Quando a irmã Francisca repete a mesma observação a madre não resistiu e perguntou:
- Mas porque diz isso? Estou com mau aspecto?
- Não madre – responde de imediato a irmã Francisca – é que calçou os sapatos do Sr. padre.
Com isto não estou afirmar que o Santo Padre dorme com algum noviço, ou padre avançado, no seu rico leito do Vaticano. Dormirá, com certeza, mas acompanhado de Deus. Quero dizer sim que Deus usa sapatos.
At 1:10 da tarde, Ana Cristina Leonardo said…
Não pude deixar de citá-lo e, hélas!, ao Mário Lino na Pastelaria
At 2:57 da tarde, Táxi Pluvioso said…
O Mário Lino é uma luz neste país. Sempre que fala acerta na mosca. Espero pelas suas palavras como quem espera por Sebastião para salvar a pátria.
O Governo, para faciltar, devia publicar um horário dos seus futuros dizeres, ou melhor, inclui-lo no Borda d'Água, junto do horário das marés.
At 3:30 da tarde, Anónimo said…
Vou ouvir a compilação Nuggets.
At 10:42 da tarde, Armando Rocheteau said…
Tenho uma dúvida. Cartesiana? Não sei se gosto mais dos teus posts se dos comentários aqui e na blogosfera.
At 4:52 da manhã, Táxi Pluvioso said…
Claro que os comentários são melhores. Os posts estão a ficar muito grandes, mas neste não me contive em falar dos nossos bispos. Fiquei comovido com a sua alegria pelas galerias do Vaticano, pareciam umas crianças com balão de hélio, e depois o Papa manda-os separar o sagrado do profano. Como se eles fossem uns Mirceas Eliades para saber a diferença.
Os vídeos que escolhi são verdadeiros tesouros da música americana da década de 60. Queria dar uma ideia do ambiente que se vivia na época. Por um lado a América corporativa produzindo entretenimento para os jovens. E pelo outro os jovens produzindo e consumindo as suas próprias coisas. Claro que passados uns anos foi tudo recuperado e integrado. Até o Smithsonian queria comprar o autocarro do Ken Kesey. Não há margens, no sentido de Derrida, ou noutro sentido, nos negócios humanos.
At 6:30 da tarde, Jana said…
Tenho a declarar que os teus posts são realmente compridos, mas únicos!

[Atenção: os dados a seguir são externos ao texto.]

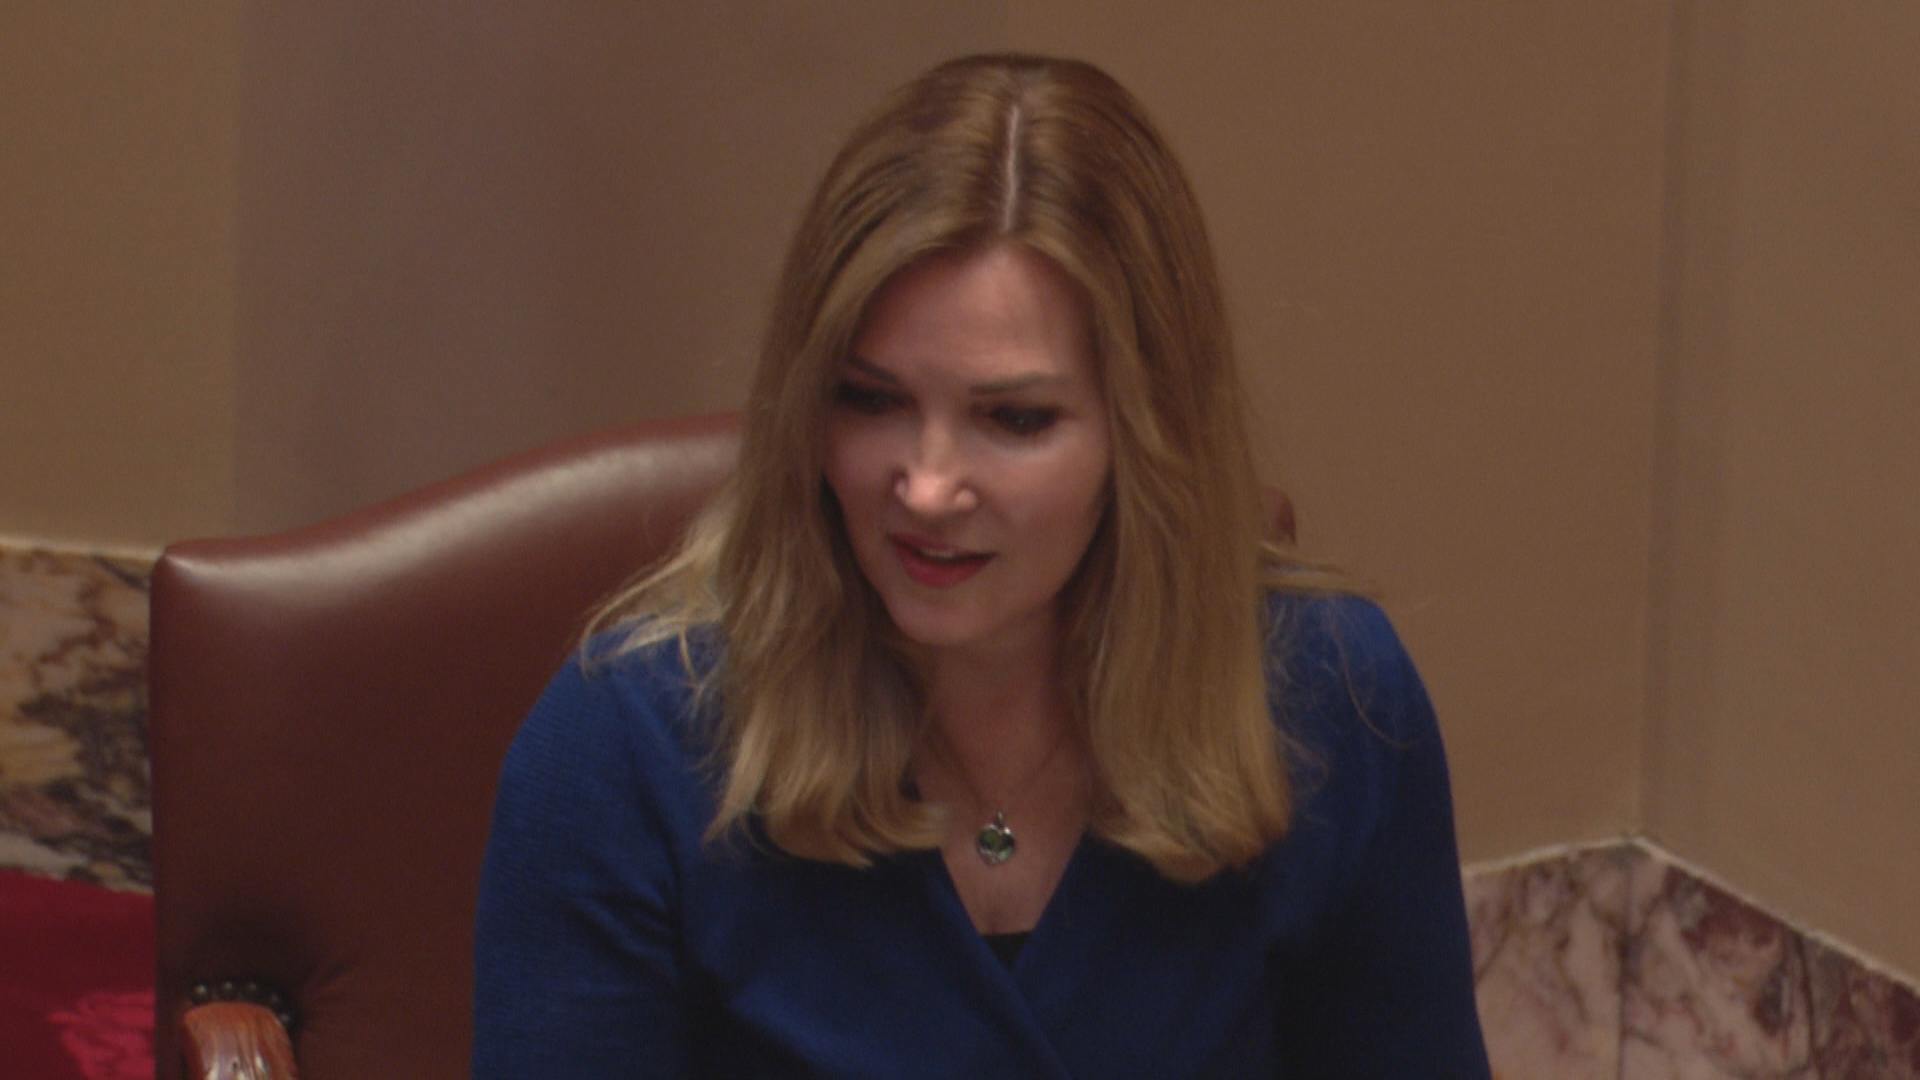 It's Mitchell's first time back on the Senate floor since being charged with burglary, an allegation she denies.

Só vou comentar a parte da religiosidade portuguesa, ainda que o santuário de fátima tenha uns lucros imensos, e os estádios se encham para ver onze palhaços a andar e a dizer que soam a camisa pela tuguisse, a alma destes portugueses é de ocasião, vão a fátima nos dias 13 quaisquer e a sua fé é feita de acções que possam ser vistas e reconhecidas pelos outros...e ao futebol vestidos de palhaços pare ver se uma camâra pára sobre eles... isso para mim não é nada, ainda que com consequências mais nefastas ao nível da moral e da religião!
Bj
At 9:34 da manhã, Táxi Pluvioso said…
É verdade que os posts estão a ficar muito longos, em compensação só escrevo um por semana. Neste então abusei, mas tinha que meter alguns extractos de poemas e umas palavras para situar as várias bandas.

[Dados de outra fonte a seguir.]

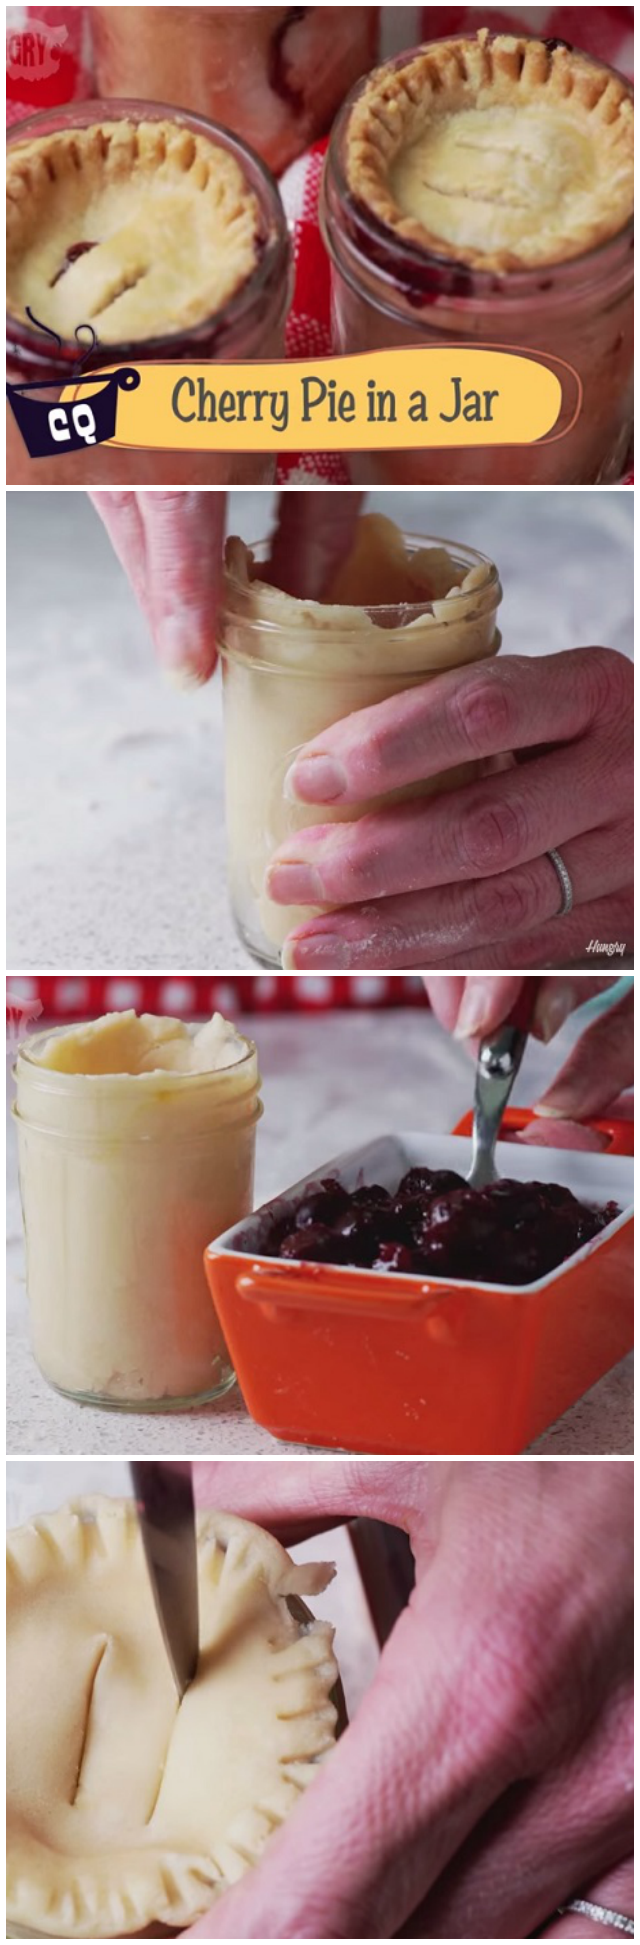 Cherry Pies in Mason Jars! - Fill a jar with pastry dough and fruit to make an exceptional dessert

Qualquer estudo sociológico, ou psicológico, sério não pode dissociar a religião dos portugueses. Não digo que ela não seja ignorada nalguns meios urbanos, mas isso é uma minoria e Portugal não é Lisboa. Se formos para o país real é a religião que comanda as mentes tal como sucede desde a Idade Média. Pouco avançou Portugal apesar da euforia actual.